- Parliament of the United Kingdom
- Long title: An Act for making a Railway from the Furness Railway at Ulverstone to the Lancaster and Carlisle Railway at Carnforth, to be called "The Ulverstone and Lancaster Railway."
- Citation: 14 & 15 Vict. c. cii

Dates
- Royal assent: 24 July 1851

Text of statute as originally enacted

= Ulverstone and Lancaster Railway =

Extinct railway company in northern England

The Ulverstone [sic] (Note: The old name "Ulverstone" was still used in legal documents after it had been superseded by "Ulverston" in common usage.) and Lancaster Railway Company was short-lived as a business but the line that it built is still in daily use as part of the Furness line. The line runs from Lindal-in-Furness to Carnforth where it joins what was then the Lancaster and Carlisle Railway. The intermediate stations are: Cark and Cartmel, Kents Bank, Grange-over-Sands, Arnside and Silverdale.

== Background ==
In August 1837 George Stephenson, considering the route from Lancaster to Carlisle and thence to Scotland, proposed a curved embankment across Morecambe Bay between Poulton-le-Sands (Morecambe) and Humphrey Head, then following the coast northwards. He was concerned that an inland route over the fells would involve dangerously steep slopes. He saw the viaduct as a national project and he intended that it would trap the silt in order to claim Morecambe Bay for agriculture. In 1843, after considerable debate, this plan was shelved in favour of the present Shap Fell route.

Consequently, Furness, instead of finding the main line on its doorstep, had to make its own arrangements to join its local rail network to the national one. Any short connection southwards would necessarily involve a locally financed crossing of Morecambe Bay and this was a daunting prospect — the quicksands and fierce tides of the bay are still notorious. The 2004 Morecambe Bay cockling disaster reminded many people of the dangers. Nevertheless the iron miners needed a good connection in order to make their product competitive. The directors of the Furness Railway were not in a hurry to take it on so it was promoted by John Brogden and Sons, a Manchester-based firm of railway contractors and promoters who had expanded into iron mining activity in the Furness area.
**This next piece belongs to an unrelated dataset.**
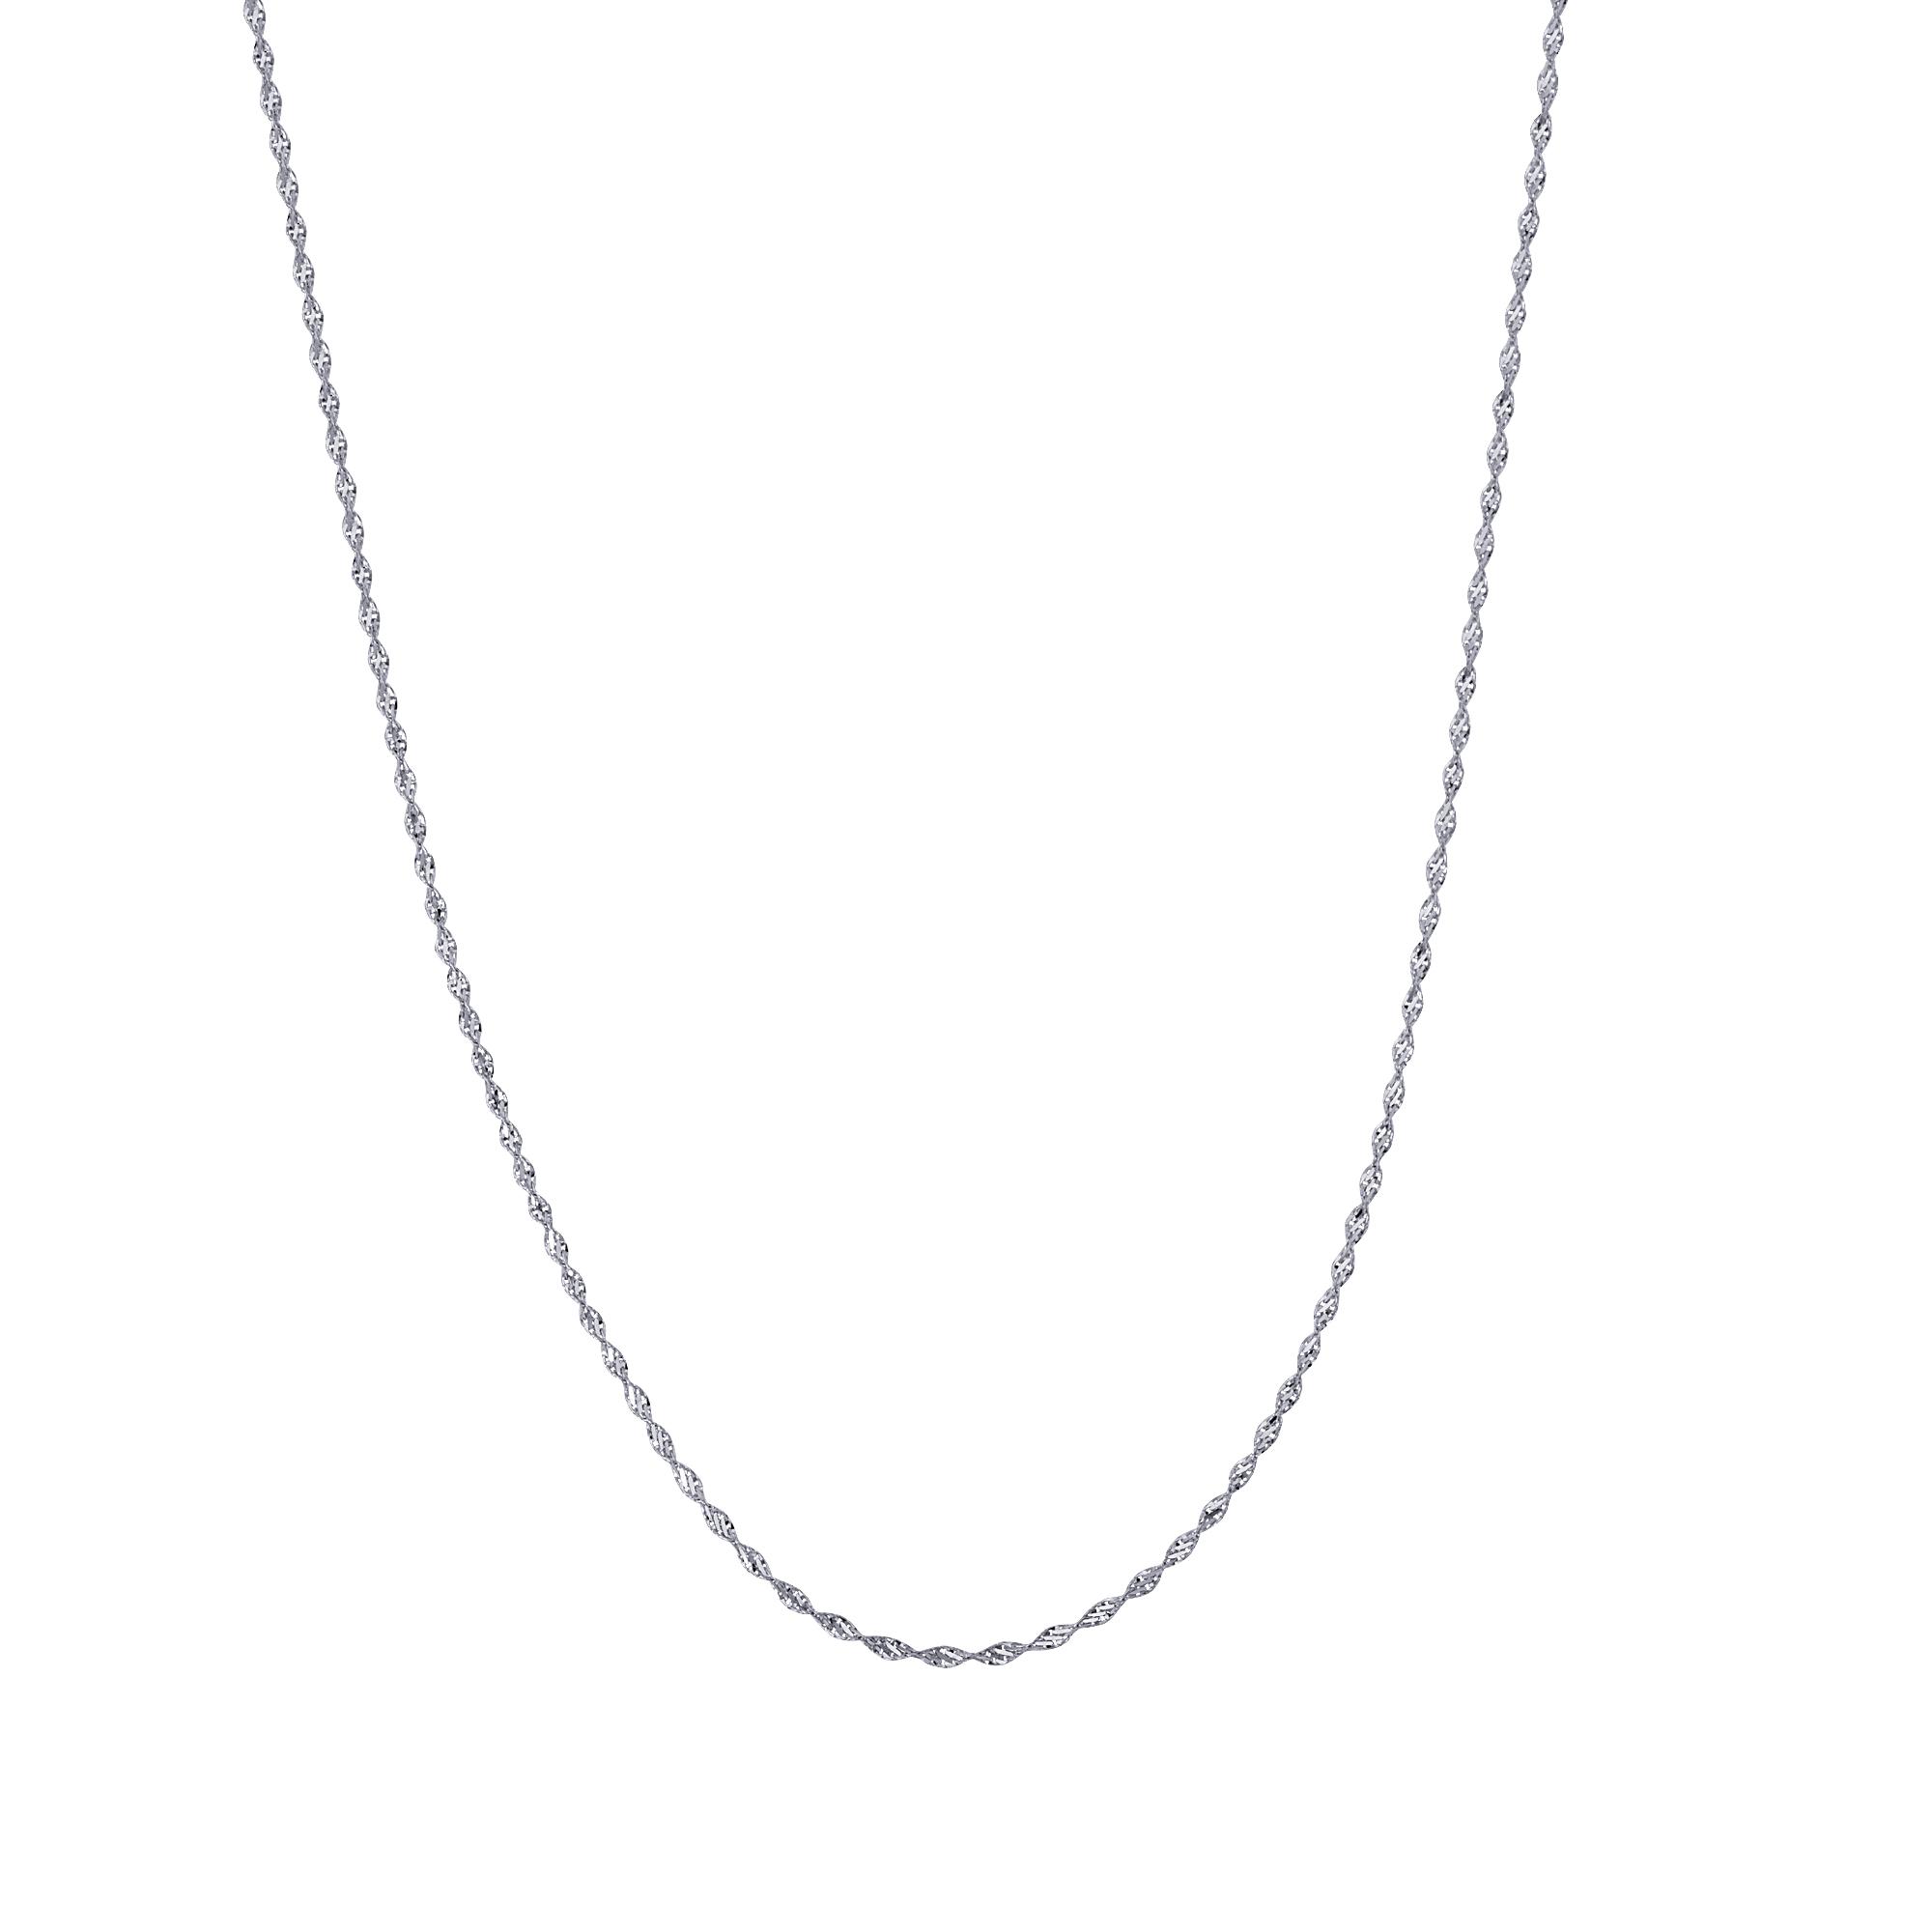 Dorica Chain, 14Kt Gold Dorica Chain With Lobster Lock / 20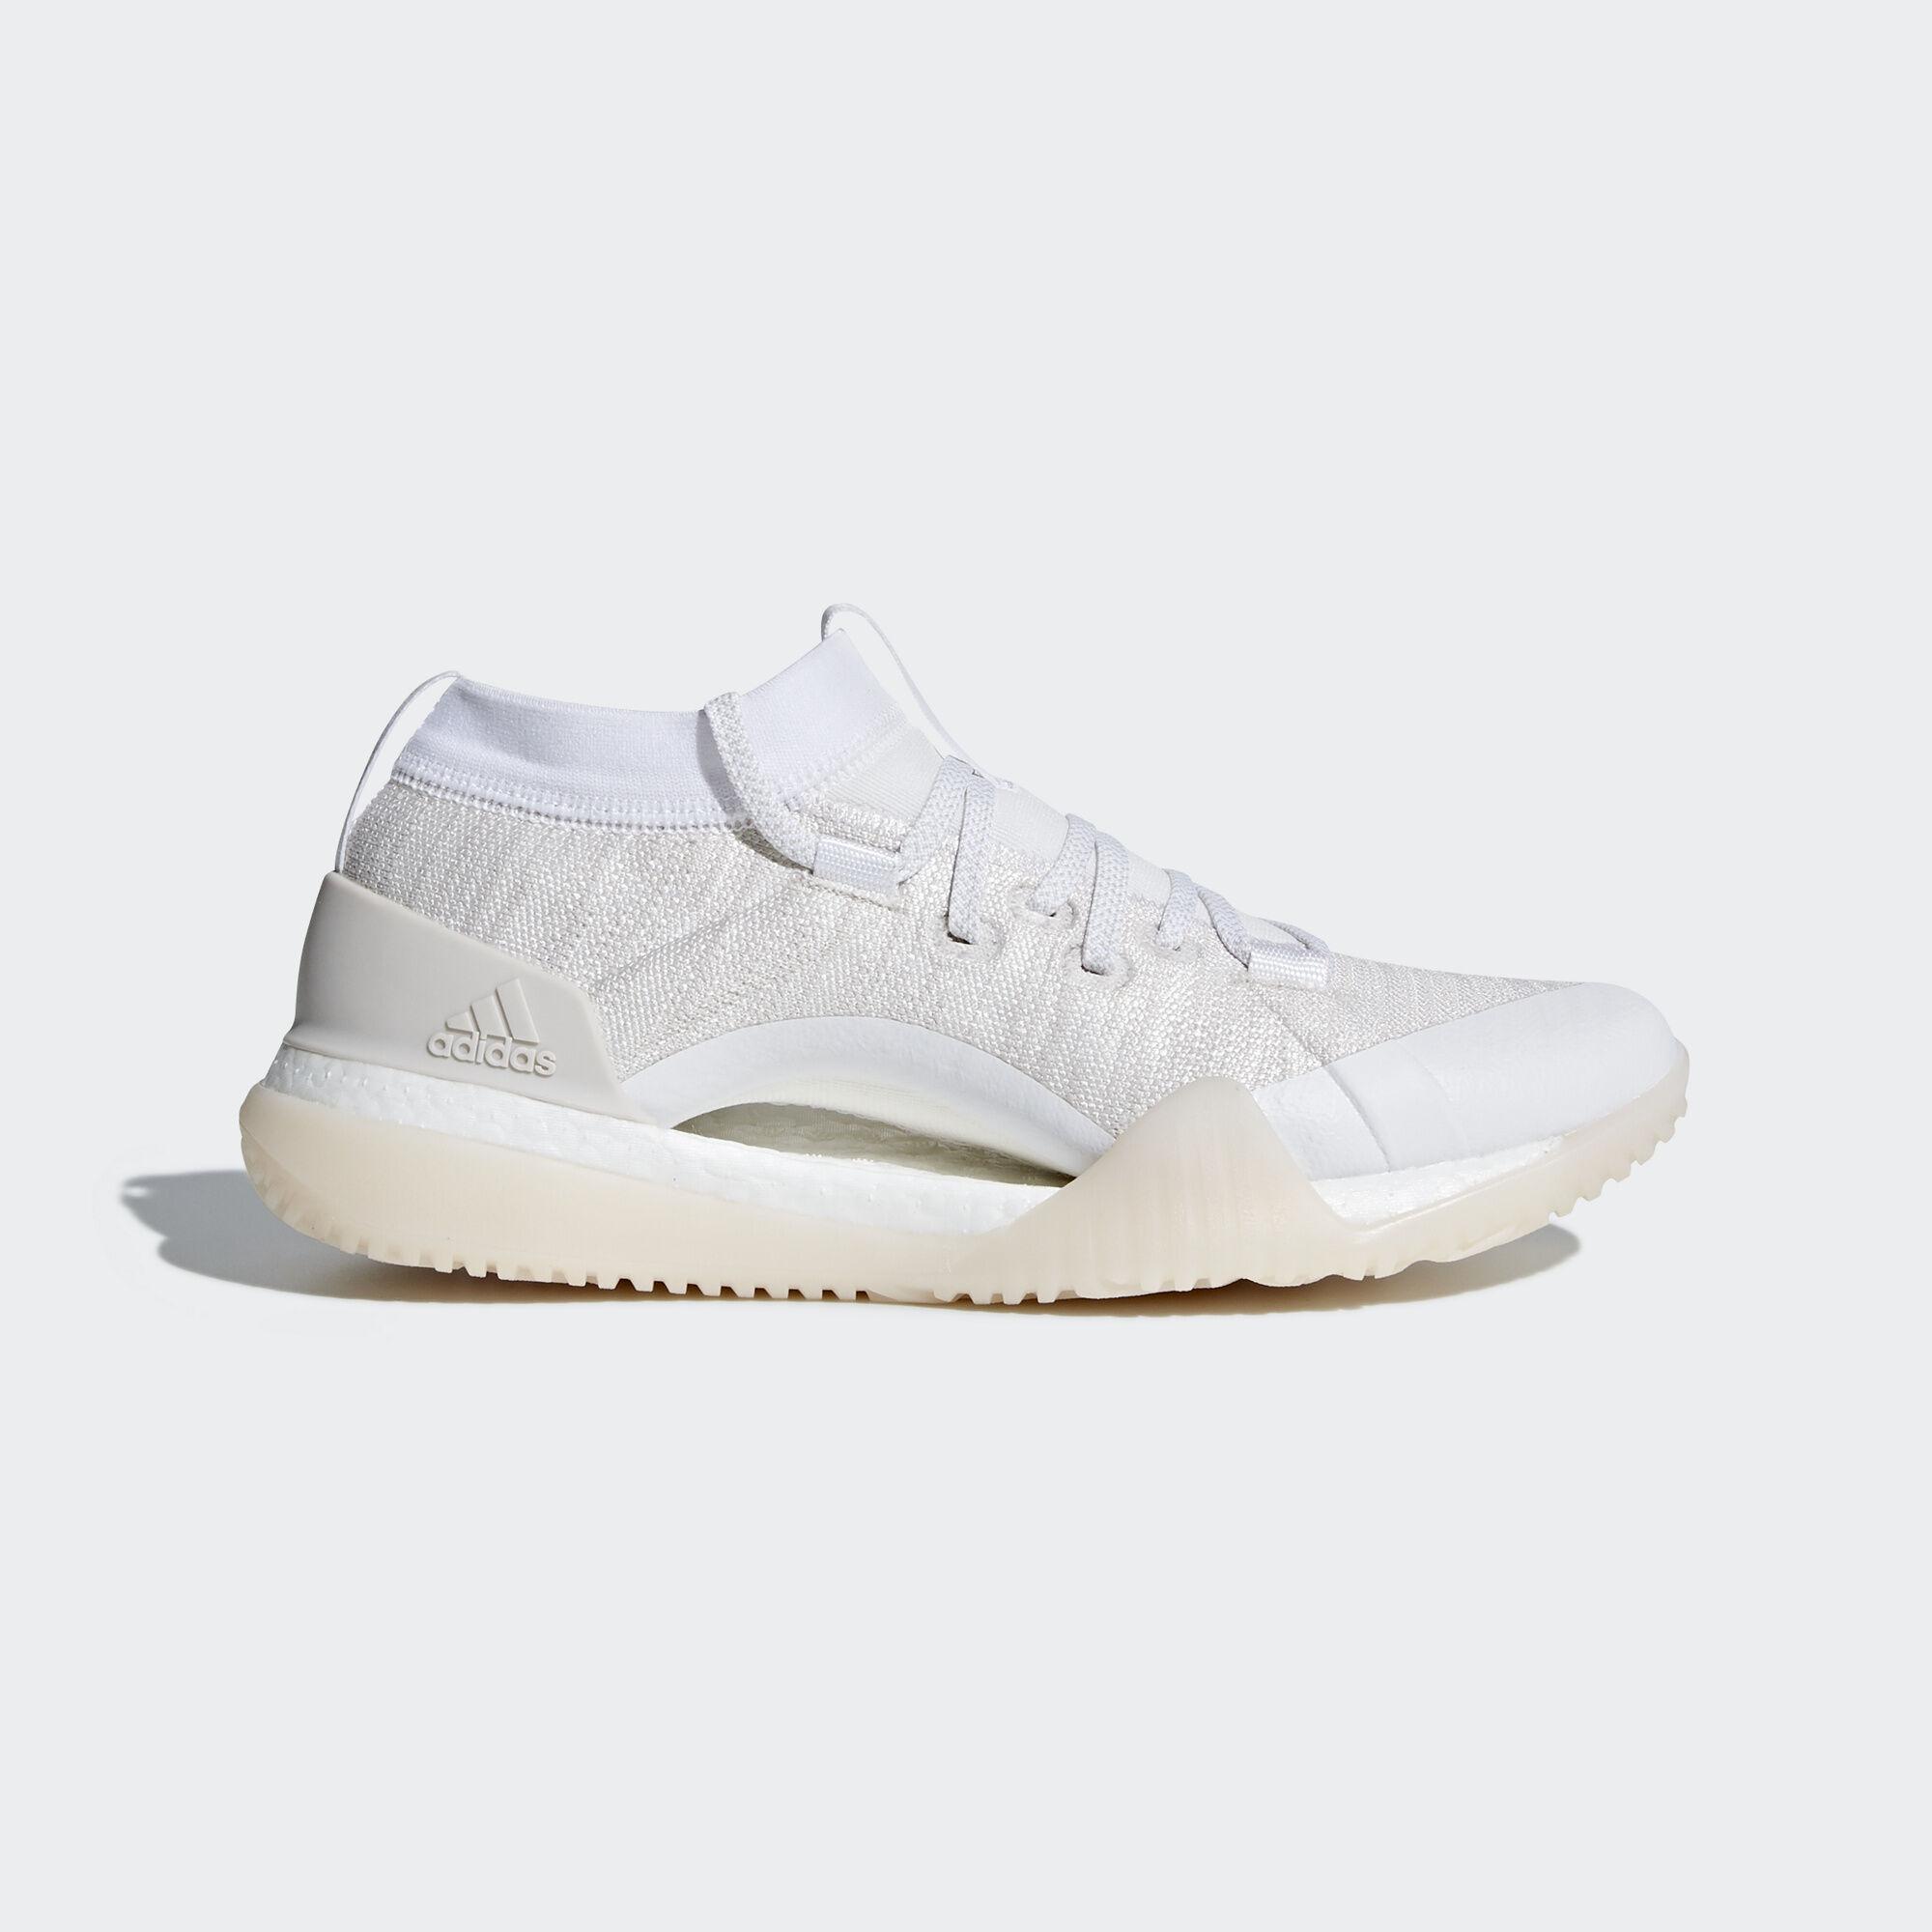 cb2f43e0842247 adidas - Pureboost X TR 3.0 Shoes Ftwr White Chalk Pearl Silver Metallic  CG3529

The Ulverstone and Lancaster Railway Act 1851 (14 & 15 Vict. c. cii) received royal assent on 24 July 1851. The directors were: John Brogden (sen.), John Brogden (jun.), Alexander Brogden, Henry Brogden, James Garstang (Alexander’s father-in-law) and Joseph Paxton (later Sir Joseph)., but Richardson has John, John, William Gale and Paxton. The line was planned by McClean and Stileman at 19 mi in length of which ten miles comprised embankments, and viaducts across the tidal estuaries of the rivers Kent and Leven. Much of this was sand running to a depth of 30 to 70 ft.

== Construction ==
Work on the line was not in full progress until September 1853 owing to shortages of labour and accommodation. McClean and Stileman had resigned as engineers the previous February so construction was superintended by James Brunlees. Brunlees had already completed a similar project and went on to achieve great eminence. The viaducts were built by W & J Galloway & Sons of Manchester. Brunlees and Galloway later collaborated on the Southport Pier. The work was costly however and Brogdens had to ask the Furness Railway for financial assistance. As the Furness Railway could not legally do this, two of their directors: the Earl of Burlington and the Duke of Buccleuch made a loan of £50,000 in their personal capacities. The line was opened on 26 August 1857. Gross expenditure was over £410,000.

== Sale ==

In 1858 the Brogdens approached the Furness Railway (FR) for a further loan as traffic on the U&LR had not "come up to expectations". However the FR insisted that they would only offer a loan if the U&LR was sold to them so Brogdens declined this offer. In 1859-1860 the line began to pay its way. It was rumoured that the line would be sold to the London and North Western Railway and in 1862 an agreement was made between the shareholders of the U&LR and Furness Railway. U&LR shareholders received 5% preference stock in the Furness Railway in return for their U&LR shares, not a very large return considering that they had risked losing the money altogether. This railway link was critical to the later industrial development of Barrow-in-Furness and its locality and mining interests. It also caused silt to build up in former tidal areas, creating new agricultural land.